Vielen Dank Thomas, hast mir damit sehr geholfen 

Hatte ziemliche probleme mit dem urlclassloader in ner schleife, weil er wohl beim erneuten aufruf sich immer ans parent, also den classloader appsclassloader oder so, gewandt hat (stichwort "unloading class" )

Aber jetzt t es endlich, das alle jar's in nem lib verzeichnis ausgelesen und die klassen darin geladen werden, wenn man das programm startet.


----------



## cyb3rdragon (6. August 2008)

Ist der Code so noch aktuell? ist immerhin nen paar Jahre alt.
Wenn ja würde es mich freuen wenn mir jemand den Code erklären bzw. kommentieren würde.
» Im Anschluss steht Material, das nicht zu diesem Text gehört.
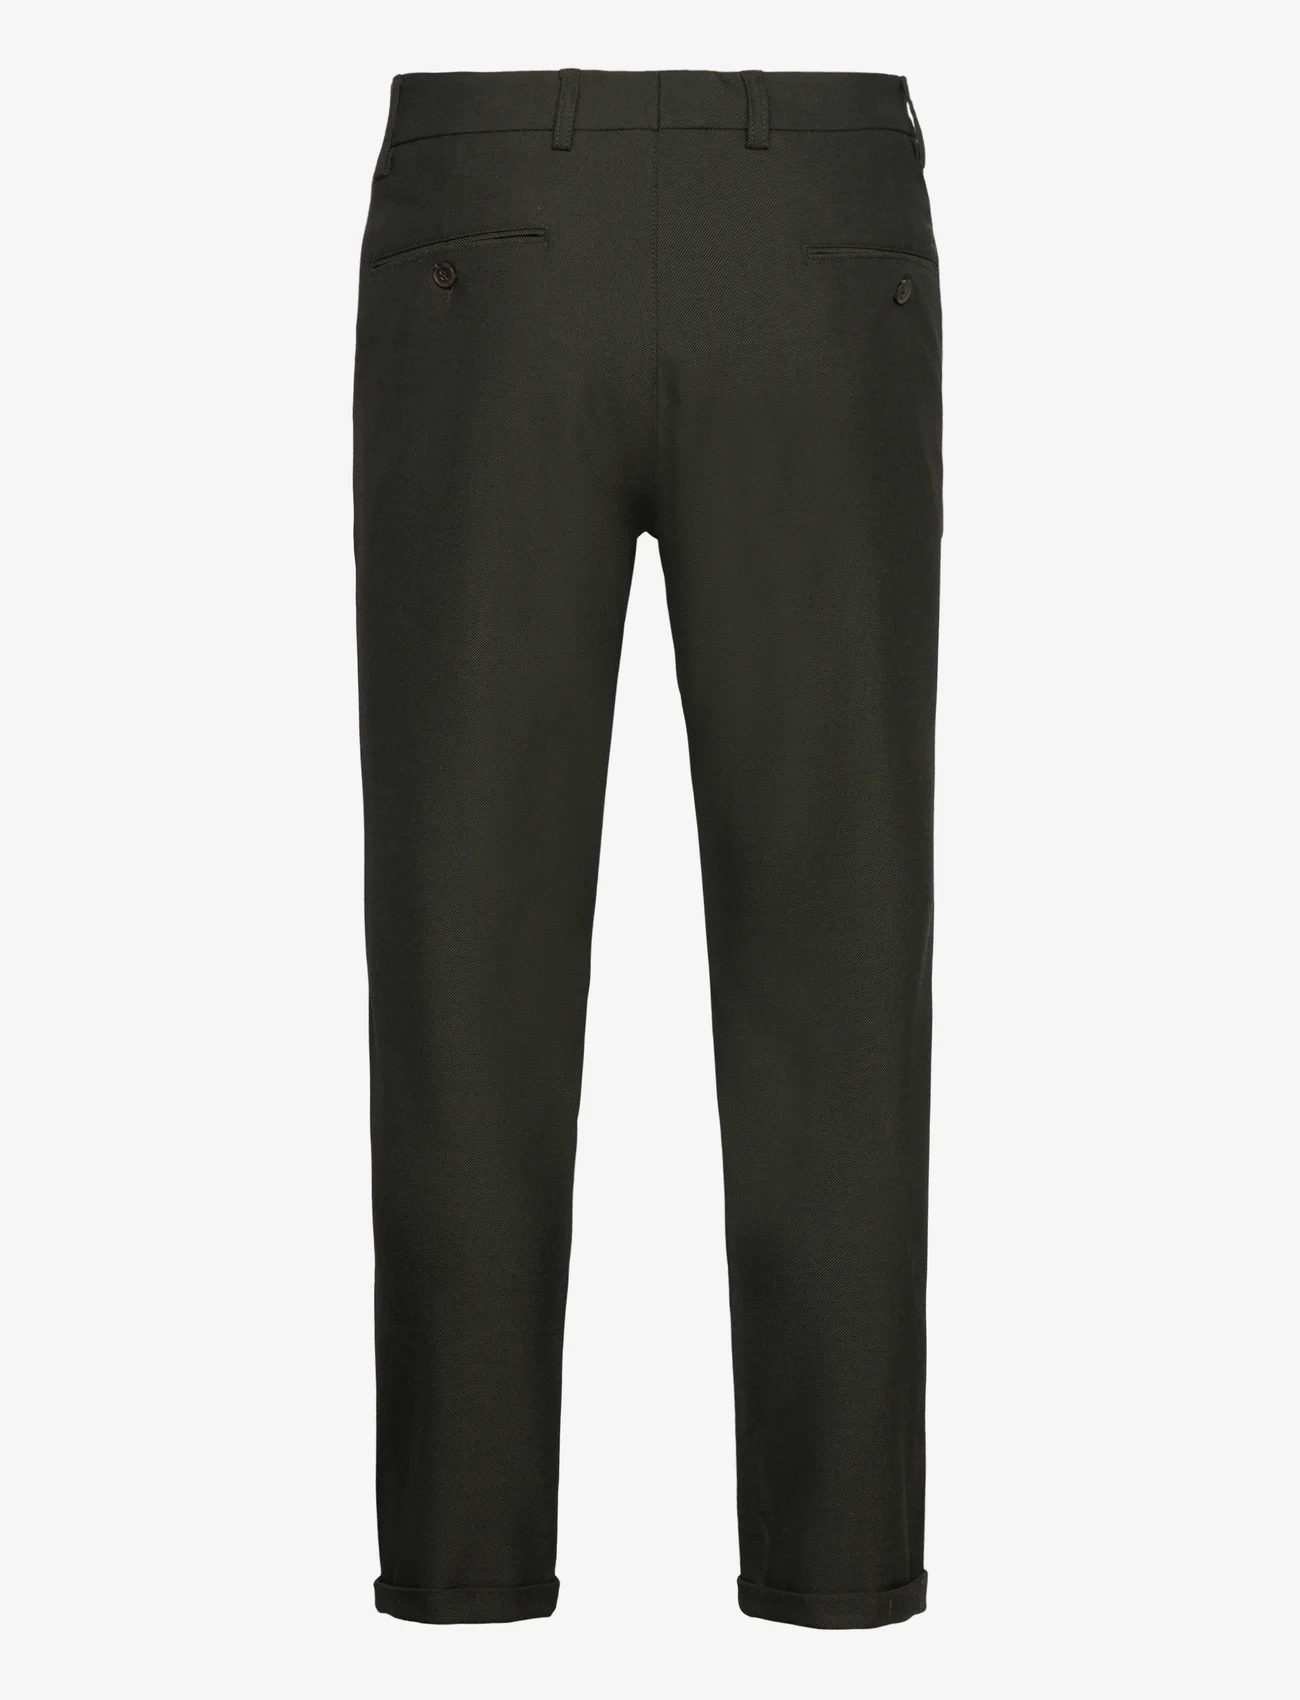 Les Deux - Como Suit Pants - Seasonal - kostiumo kelnės - deep forest/charcoal - 1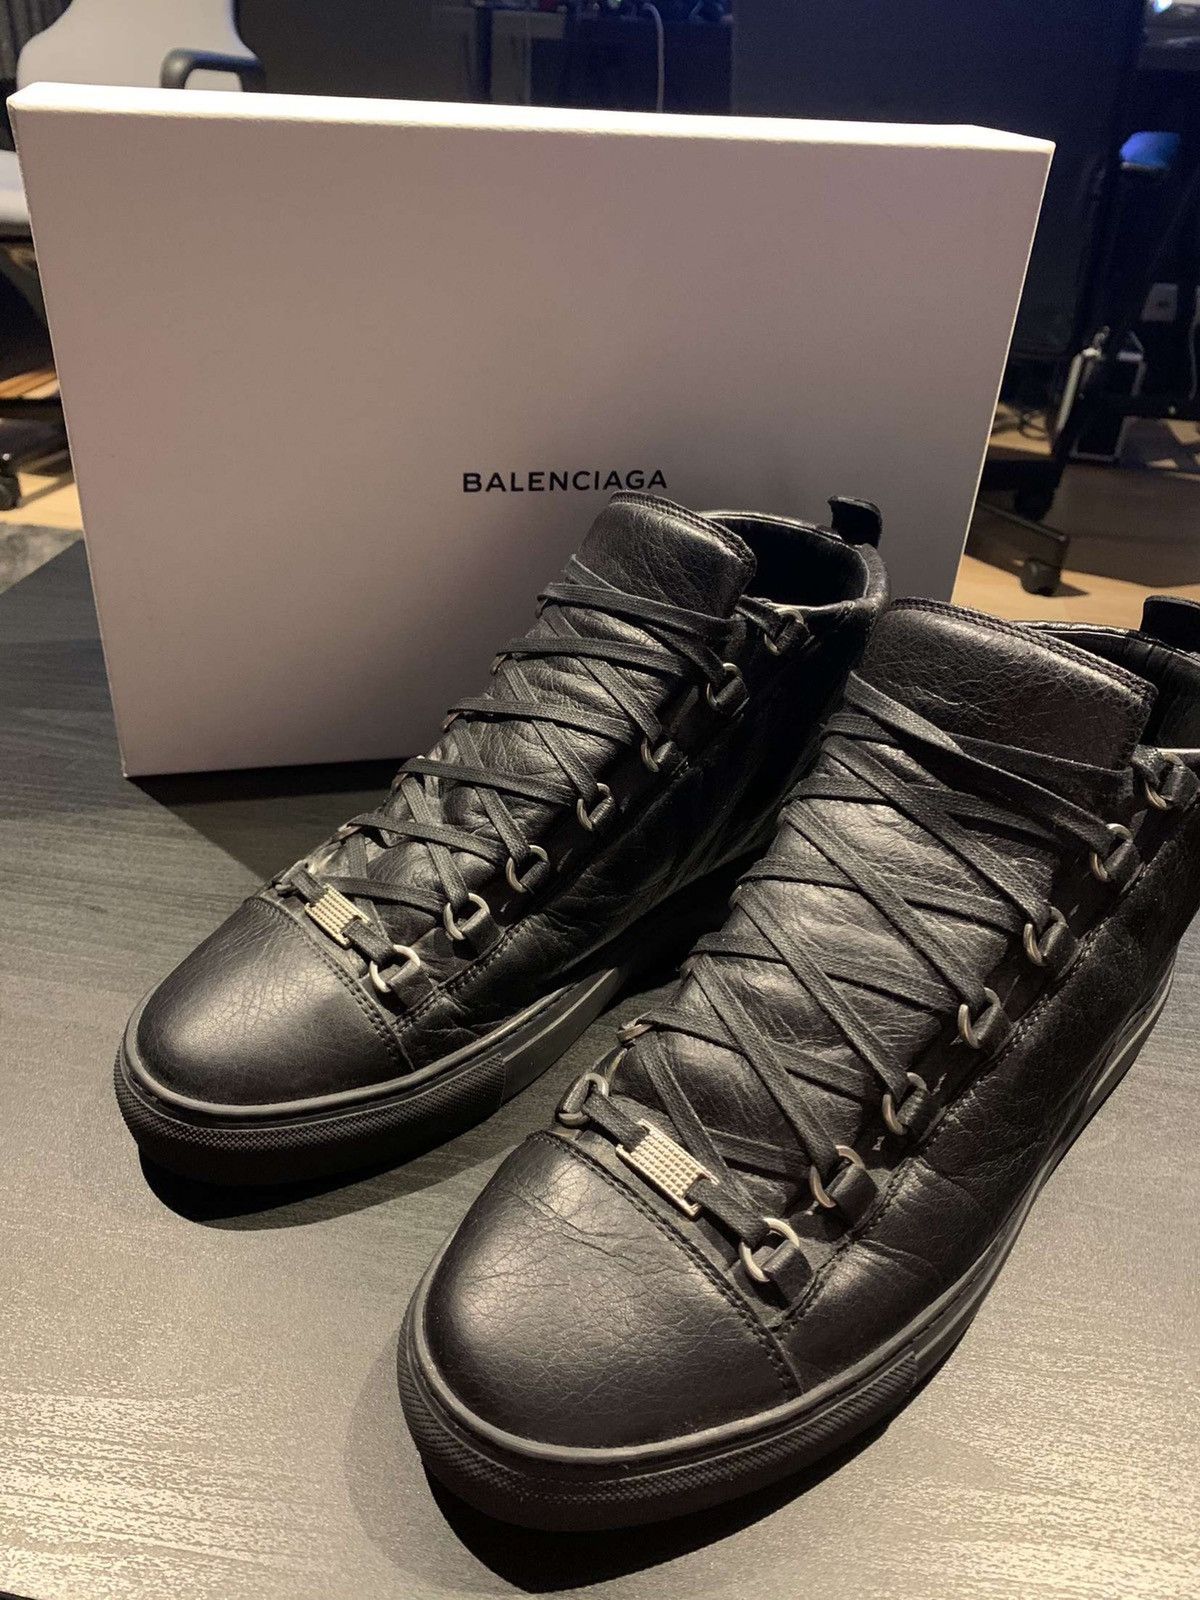 Balenciaga Balenciaga Arena High Black Leather Size US 10 / EU 43 - 1 Preview

Besonders der unterste Teil ist für mich noch ein Fragezeichen.

Gruss
 cyberdragon


----------



## takidoso (6. August 2008)

ich habe zwar den Code jetzt icht ausprobiert, aber die letzten beiden Zeilen scheinen die Main-Routine einer Testklasse zu starten.


----------



## Oliver Gierke (6. August 2008)

Jo, aber nur beispielhaft um zu zeigen, dass die Klasse geladen wurde. Der Code ist immer noch vollständig korrekt und auch die inoffizielle Methode einem Classloader weitere JARs bekannt zu machen. Inoffiziell deshalb, weil der Reflectionhack schon arg bös ist. 

REINHAUN!


----------



## takidoso (7. August 2008)

dann würde mich die offizielle Variante mal interessieren.


----------



## Oliver Gierke (7. August 2008)

Benutz OSGi 

REINHAUN!


----------



## Thomas Darimont (7. August 2008)

Hallo,

ab Java 6  könntest du das auch über den ServiceLoader realisieren:
http://www.tutorials.de/forum/java/310207-eine-art-plugin-system-2.html

Gruß Tom


----------



## benhaze (9. August 2008)

>>Inoffiziell deshalb, weil der Reflectionhack schon arg bös ist.
Warum genau ist die Methode (addUrl) eigentlich nicht public bzw. böse?


----------